The Makefile provides automatic configuration:

make quick-start
# - Auto-detects your IP
# - Auto-enables monitoring on Linux
# - Creates admin user
# - Shows access URLs

Alternative: Direct Docker Compose¶

You can also use Docker Compose directly:

# From repo root
docker compose -f docker.compose.dev.yaml up --build

# Cortex will:
# ✓ Auto-detect host IP in the gateway container (fallback)
# ✓ Configure CORS automatically
# ✓ Work from your network

# Note: Monitoring profiles (linux, gpu) need manual enabling:
export COMPOSE_PROFILES=linux,gpu
docker compose -f docker.compose.dev.yaml up -d --build

Recommendation: Use make up instead - it auto-enables monitoring on Linux!

Services exposed: - Admin UI (Next.js): http://localhost:3001 - Gateway (FastAPI): http://localhost:8084 - Prometheus: http://localhost:9090 - PgAdmin: http://localhost:5050 (admin@local / admin)

Health check:

curl http://localhost:8084/health

Network Access (Serving to LAN)¶

Cortex runs with host network mode for the gateway, making it accessible from any device on your network.

Access URLs¶

From	Admin UI	API Gateway
Same machine	`http://localhost:3001`	`http://localhost:8084`
LAN devices	`http://<HOST_IP>:3001`	`http://<HOST_IP>:8084`
Docker containers	`http://host.docker.internal:8084`	(with extra_hosts)

Get your host IP:

make info    # Shows detected IP and access URLs

Firewall Configuration (Linux/UFW)¶

If you have UFW firewall enabled, allow Cortex ports:

# Allow Cortex ports
sudo ufw allow 3001/tcp comment 'Cortex Admin UI'
sudo ufw allow 8084/tcp comment 'Cortex API Gateway'
sudo ufw reload

# Or allow your entire local network
sudo ufw allow from 192.168.0.0/16 comment 'Local network'
sudo ufw reload

# Verify
sudo ufw status

Troubleshoot firewall issues:

# Check for blocked connections
sudo tail -20 /var/log/ufw.log | grep BLOCK

Docker Container Access¶

For applications running in Docker containers to reach Cortex:

# docker-compose.yaml
services:
  your-app:
    extra_hosts:
      - "host.docker.internal:host-gateway"
    environment:
      OPENAI_API_BASE: "http://host.docker.internal:8084/v1"
      OPENAI_API_KEY: "your-cortex-api-key"

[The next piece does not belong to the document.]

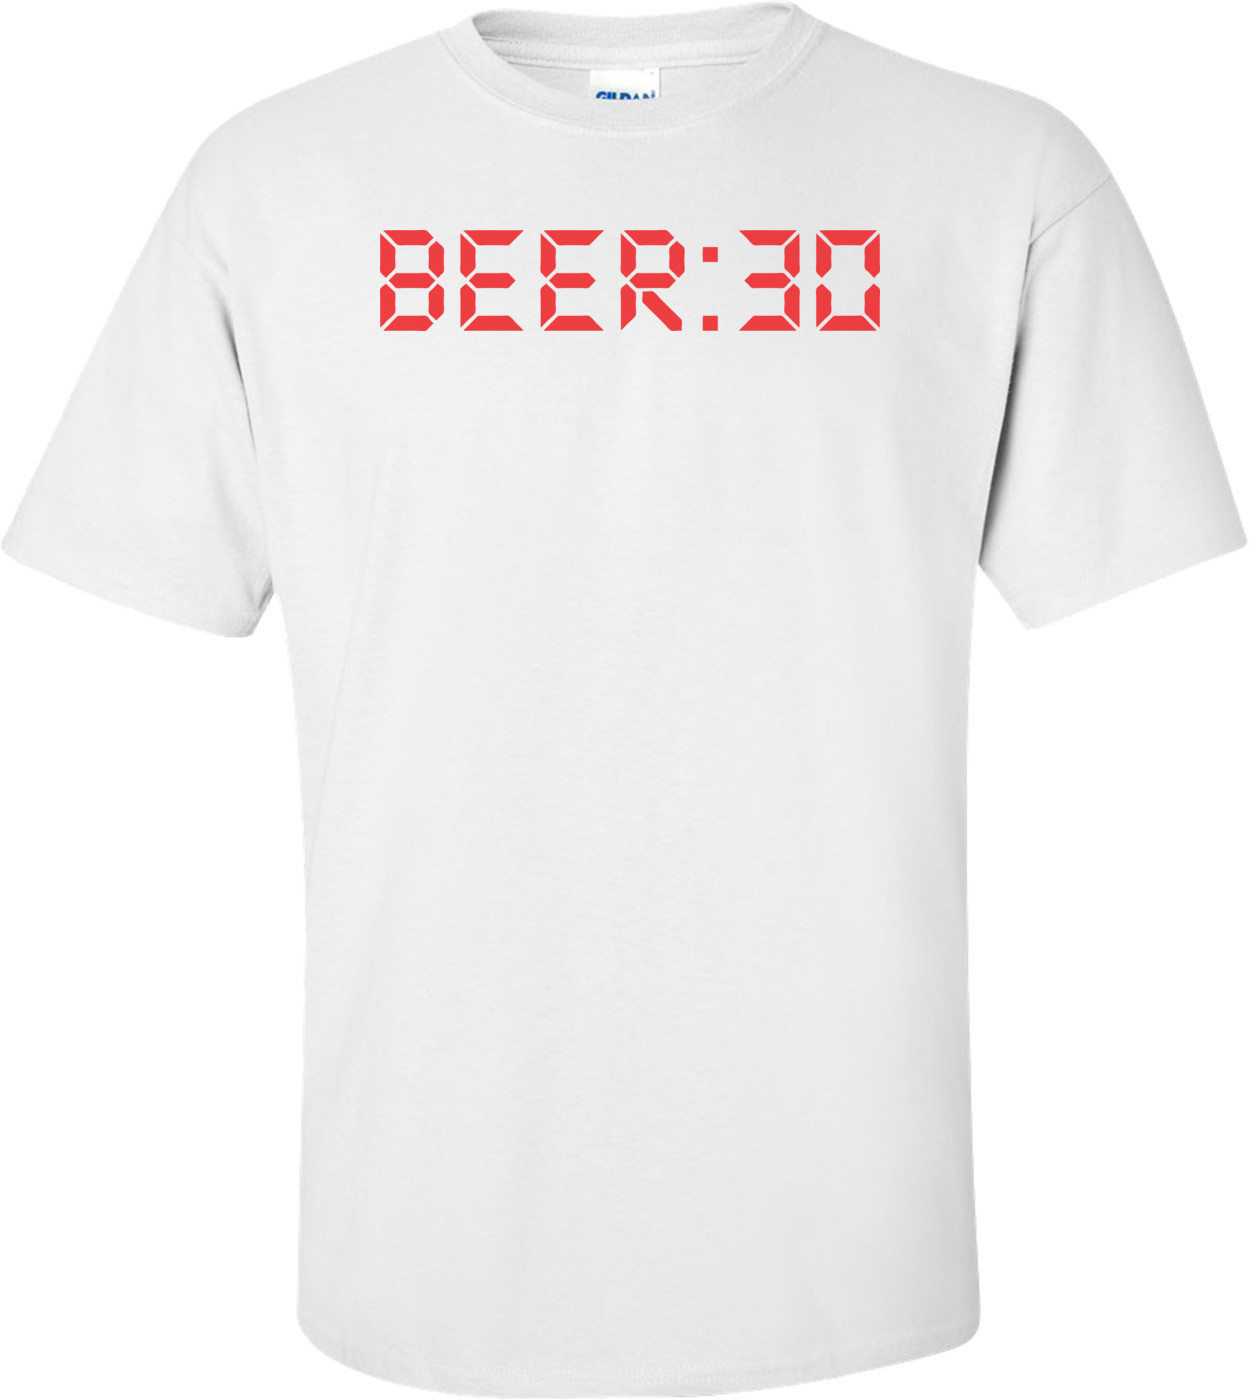 Beer:30 T-shirt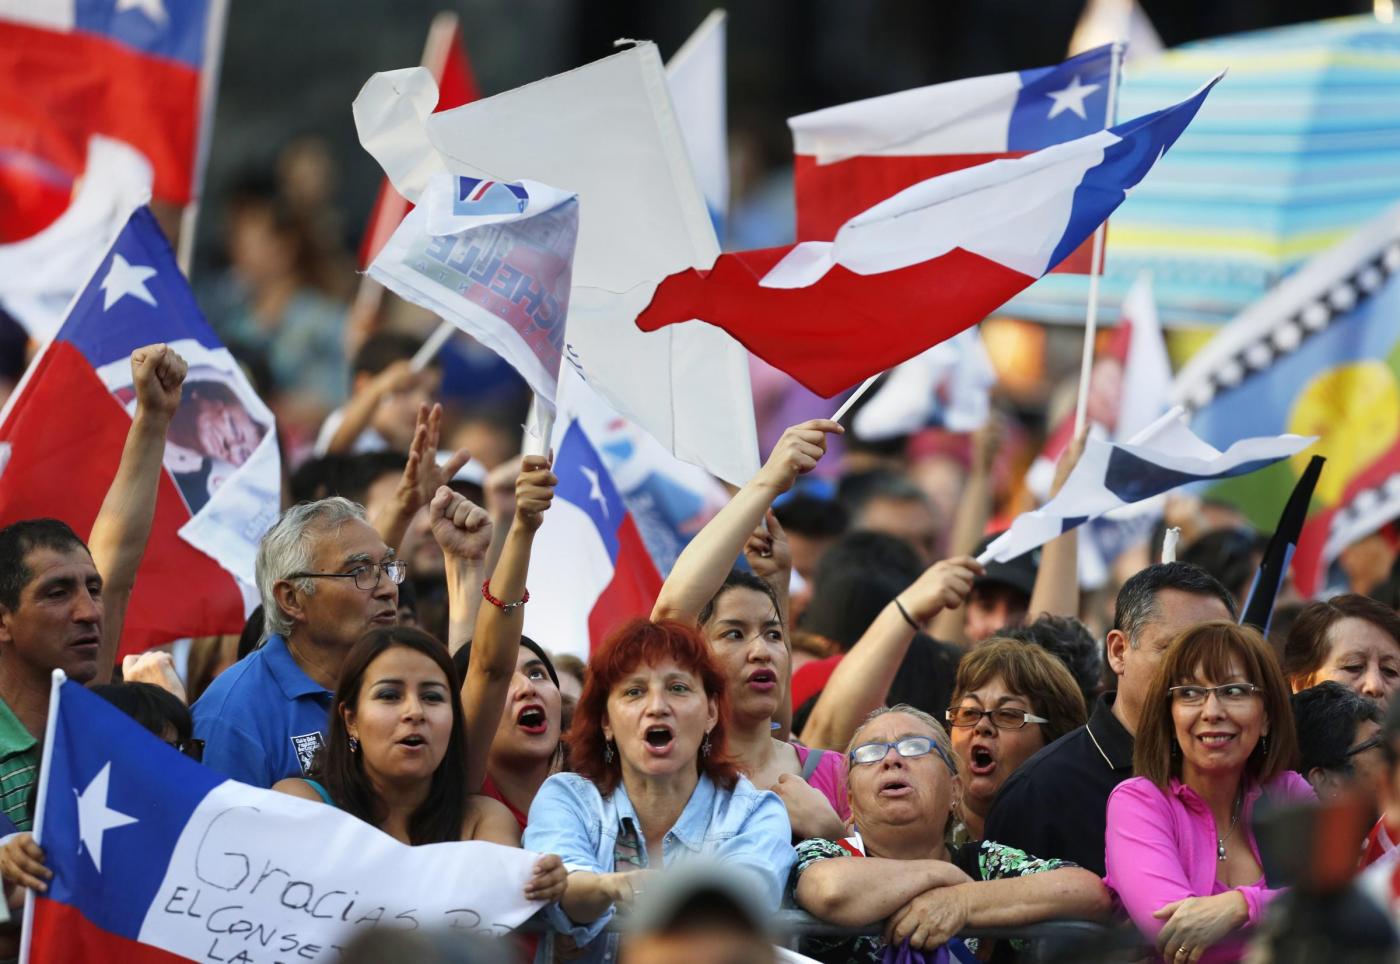 Michelle Bachelet vince il ballottaggio per la presidenza del Cile

On Linux with UFW, also run:

make setup-firewall  # Allows Docker container traffic to host

curl -X POST http://localhost:8084/admin/bootstrap-owner \
  -H 'Content-Type: application/json' \
  -d '{"username":"admin","password":"admin","org_name":"Default"}'

Login via UI at http://localhost:3001/login or via API:

curl -X POST http://localhost:8084/auth/login \
  -H 'Content-Type: application/json' \
  -d '{"username":"admin","password":"admin"}' -i

(The response sets a cortex_session httpOnly cookie for dev.)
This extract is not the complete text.